ROCKPORT — Saturday night fever is burning on Twin Light Circle in Rockport.

What began as a Saturday evening porch event last month to join in a wider effort to honor frontline workers has now become a weekly gig.

Someone had posted flyers asking residents to bang on pots and pans on April 11 to show support for first responders, teachers, nurses, doctors, grocery store staff and other front-line workers. 

"We picked a date and time, and grabbed pots and pans to make some noise and four weeks later we are dancing in the street," said Amy Kostka, an avid runner.

Janine Boucher, a personal fitness trainer, said she and her neighbors all wanted to show their appreciation.

"And it was quite a hit. So we decided as a neighborhood to gather each Saturday night at 7:15 p.m. to have a dance party for hope and peace for community, and to give us courage to get through this," said Boucher.

This Saturday, the weather took a turn for the worse with a few flakes falling, so the party was moved to Sunday, same place, same time.

Two generations of the Sharfstein family are involved: Jerry and Cindy Sharfstein, and their daughters, Amy Rich and Alyssa Englis, and their spouses. 

For Englis, a Rockport school teacher, participation in this gathering was a welcome distraction.

"I love to dance. I did dance parties on Facebook years ago so when I heard about this dance party, I was all about it. Janine and I are kindred spirits," said Englis, whose husband George is a drummer.

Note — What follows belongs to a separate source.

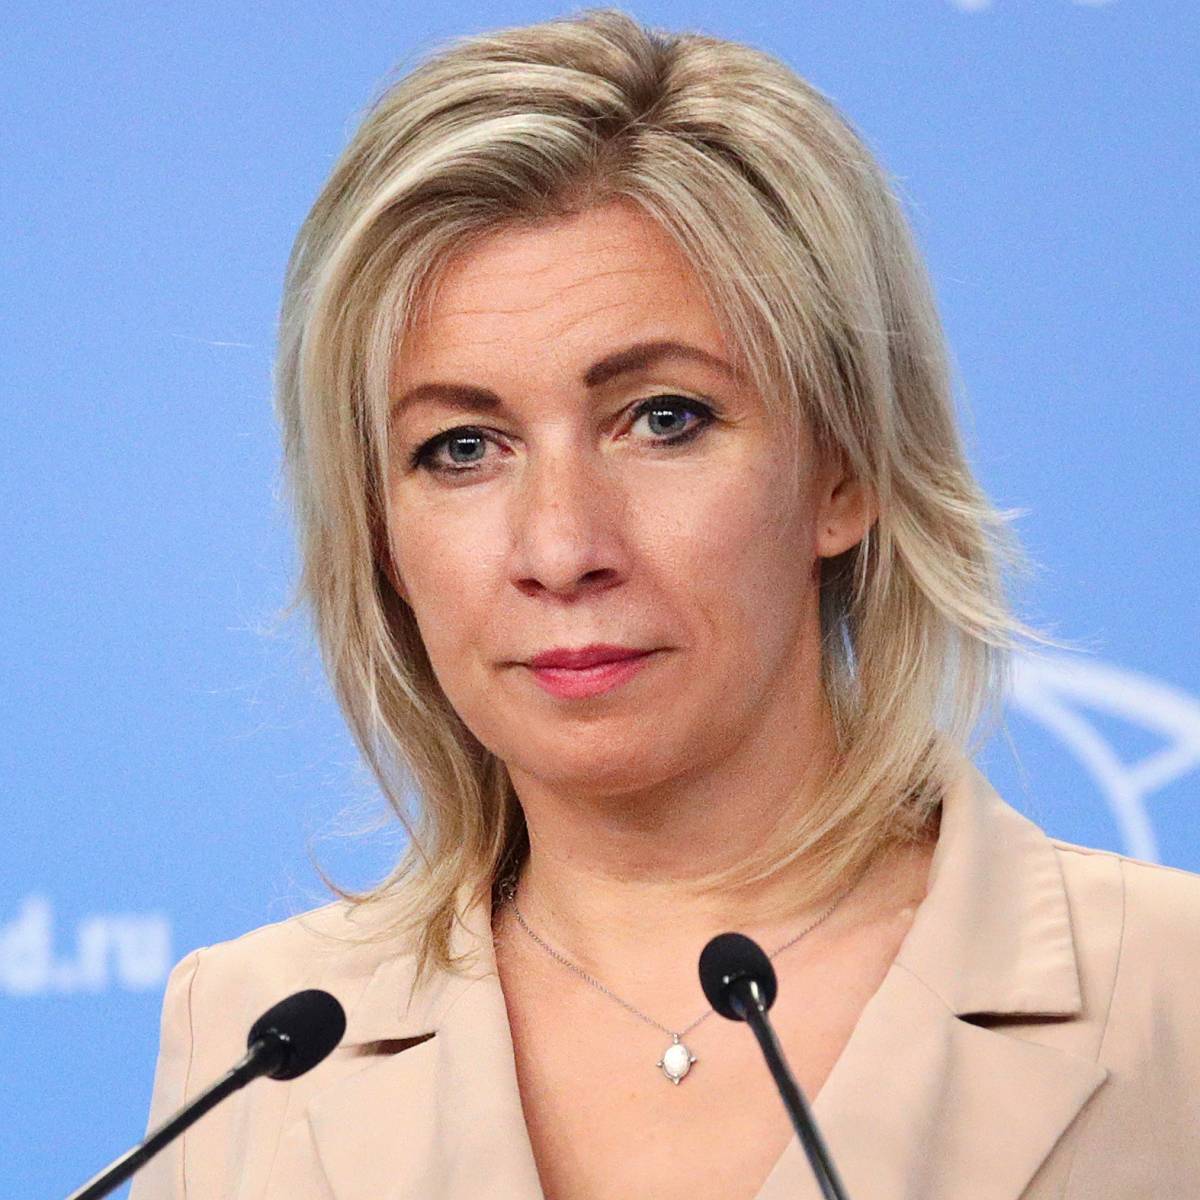 Захарова оценила высказывание посла Украины о ядерном статусе
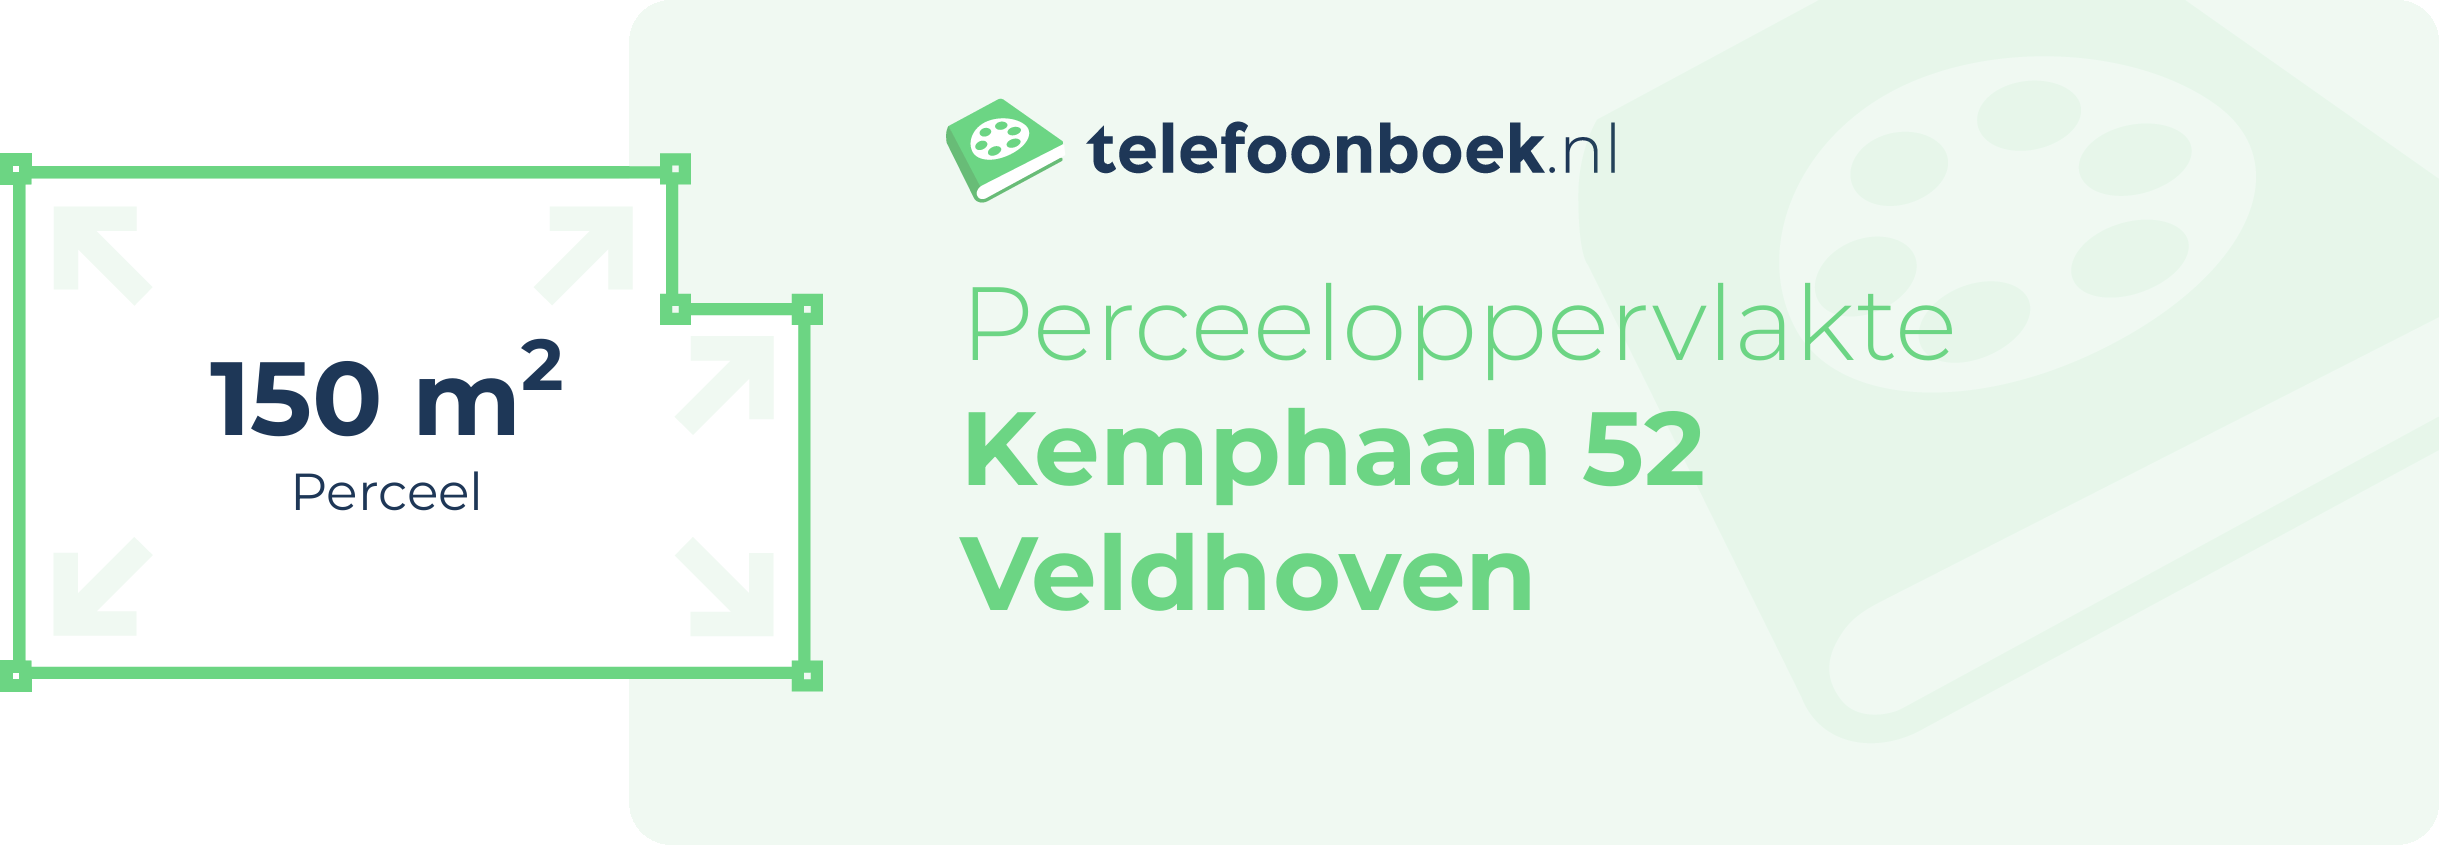 Perceeloppervlakte Kemphaan 52 Veldhoven

Rich, a vocalist with the band Headlands, may be found singing and dancing nearby.  

For about 15 minutes every Saturday, a passer-by will see residents dancing on their porch, front lawn, tree stump, or in circles or squares drawn in the street with chalk to ensure safe social distancing. Most recently, there was a request for some "disco" music, prompting some participants to don flashy attire for the occasion.

One resident donned a real gas mask during a session, and others may show up with a crazy wig or something else to raise a smile. The dancing neighbors range in age from 3 to more than 70.

Kim Shaw says the "quarantine social distancing dance party" is a welcome event. 

"Neighbors gather and dance and laugh as Janine blasts music from her yard. It is truly the highlight of the week," Shaw said. "Being totally alone in isolation is distressing. One evening a week it is healing to gather and dance and have fun and, for a short time, forget being alone. I am thankful to live in a neighborhood full of fun caring people."

When it is safe to do so, the residents may celebrate with a classic soul train or conga line, but they know that is likely a long way off.

Coincidentally, the initials for the street are TLC, which more often stands for "tender, loving care."